Study finds some children are more vulnerable

WEDNESDAY, Aug. 22 (HealthDay News) -- Traffic pollution raises asthma risk in children who are already genetically susceptible to the disease, according to a new study of more than 3,000 asthmatic children.

According to a team at the University of Southern California Keck School of Medicine, Los Angeles, prior research had spotted variations in genes that control enzymes responsible for clearing harmful chemicals breathed into the body.
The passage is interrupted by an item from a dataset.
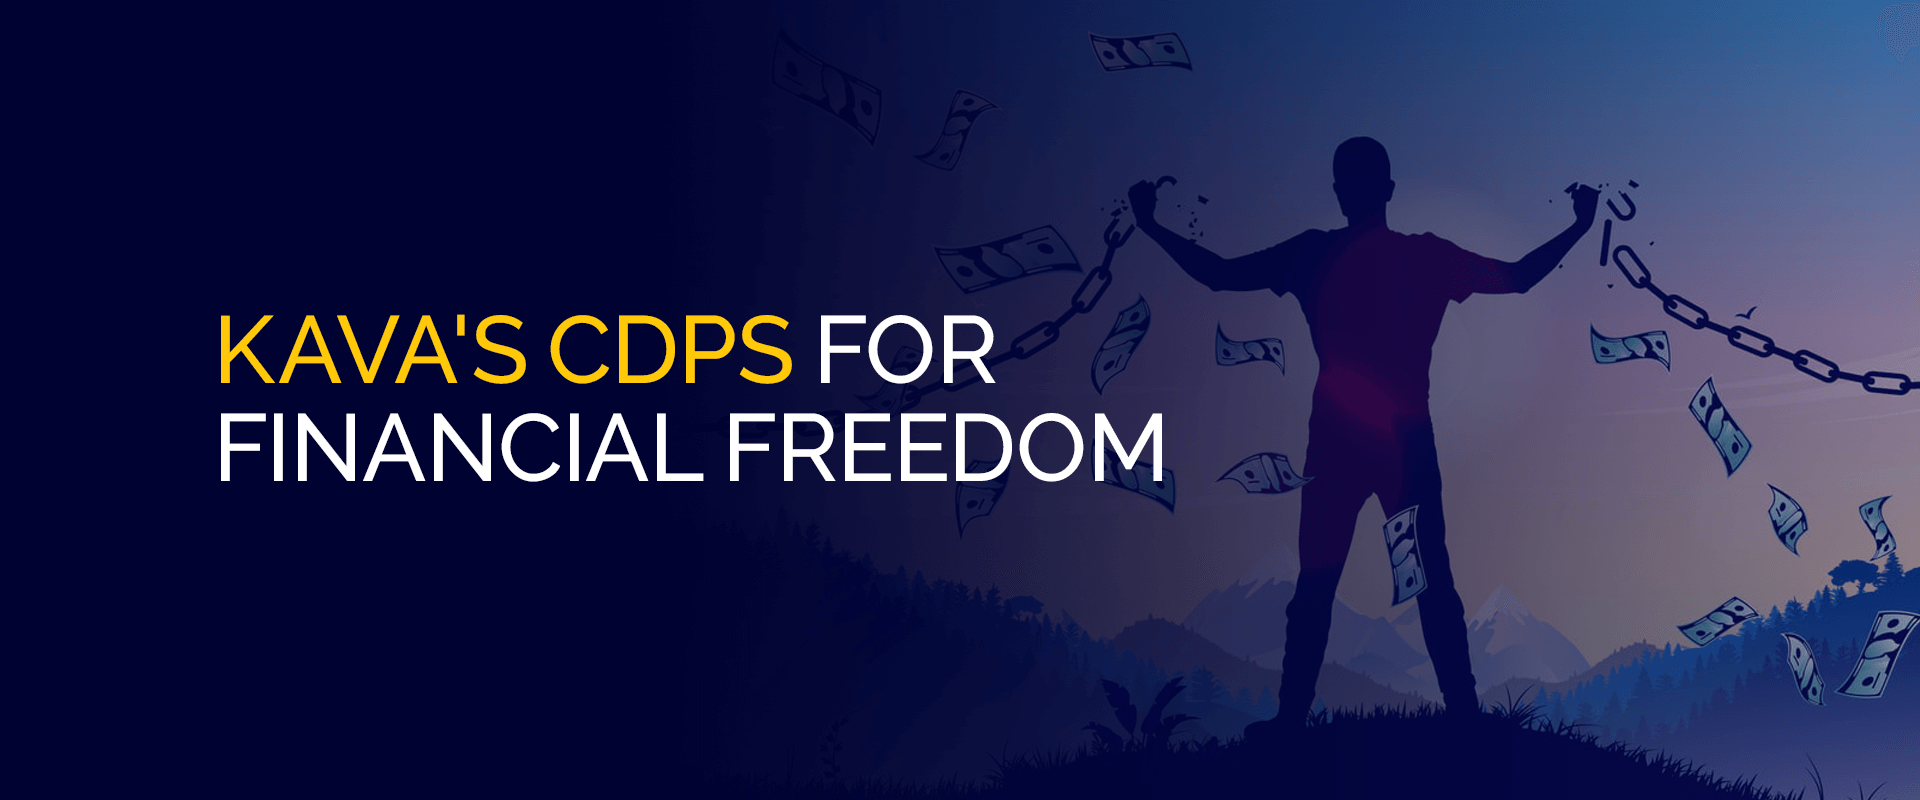 Kava's CDPs for Financial Freedom

These gene variants have also been linked to the development of asthma and other respiratory diseases.

In this new study, researchers analyzed the children's microsomal epoxide hydrolase (EPHX1) levels and genetic variations in gluathione S-transferase P1 (GSTP1) -- enzymes that help rid the body of toxins, including polyaromatic hydrocarbons from vehicle exhaust.

Overall, children with very active EPHX1 were 1.5 times more likely to have asthma as children with low EPHX1 activity, and those who had high EPHX1 activity and a variation in the GSTP1 gene were four times more likely to have asthma.
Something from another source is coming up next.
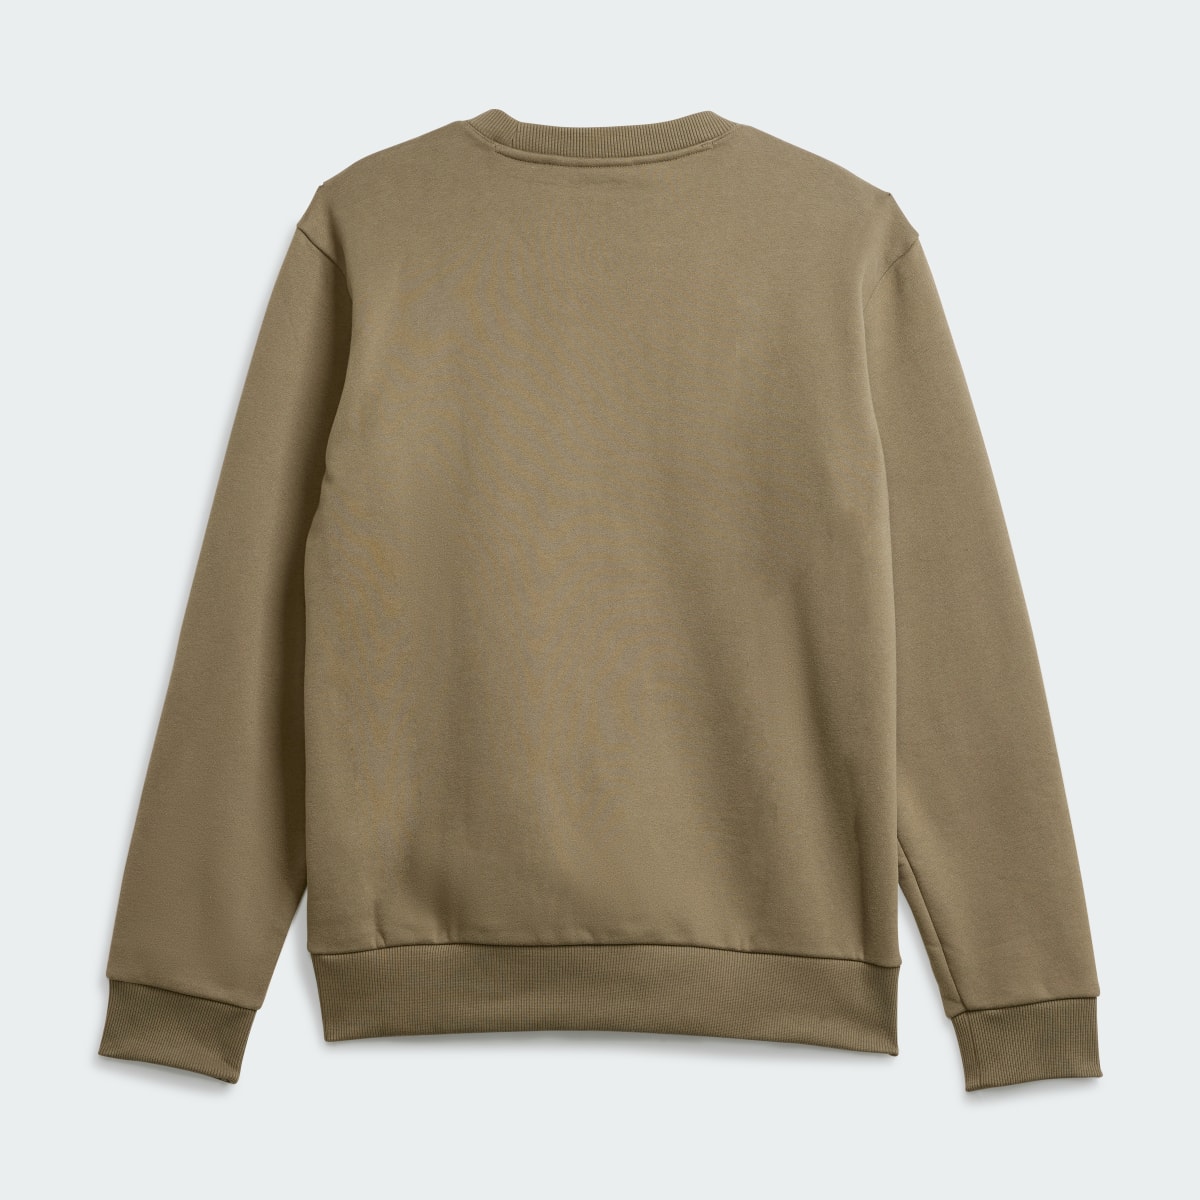 Adidas Mod Trefoil Sweatshirt. 6

The researchers also found that exposure to traffic pollution was a major factor in triggering genetic susceptibility to asthma.

Children with very active EPHX1 who lived within 75 meters of a main road were more than three times as likely to have asthma as those with low EPHX1 levels. But children with one or two variations in the GSTP1 gene who lived close to a major road were up to nine times more likely to have asthma than children who lived farther away from a major road.

Children with high EPHX1 activity who have genetic variants of GSTP1 have an increased risk of developing asthma, the researchers said, and the risk is even greater among those who are exposed to traffic pollution.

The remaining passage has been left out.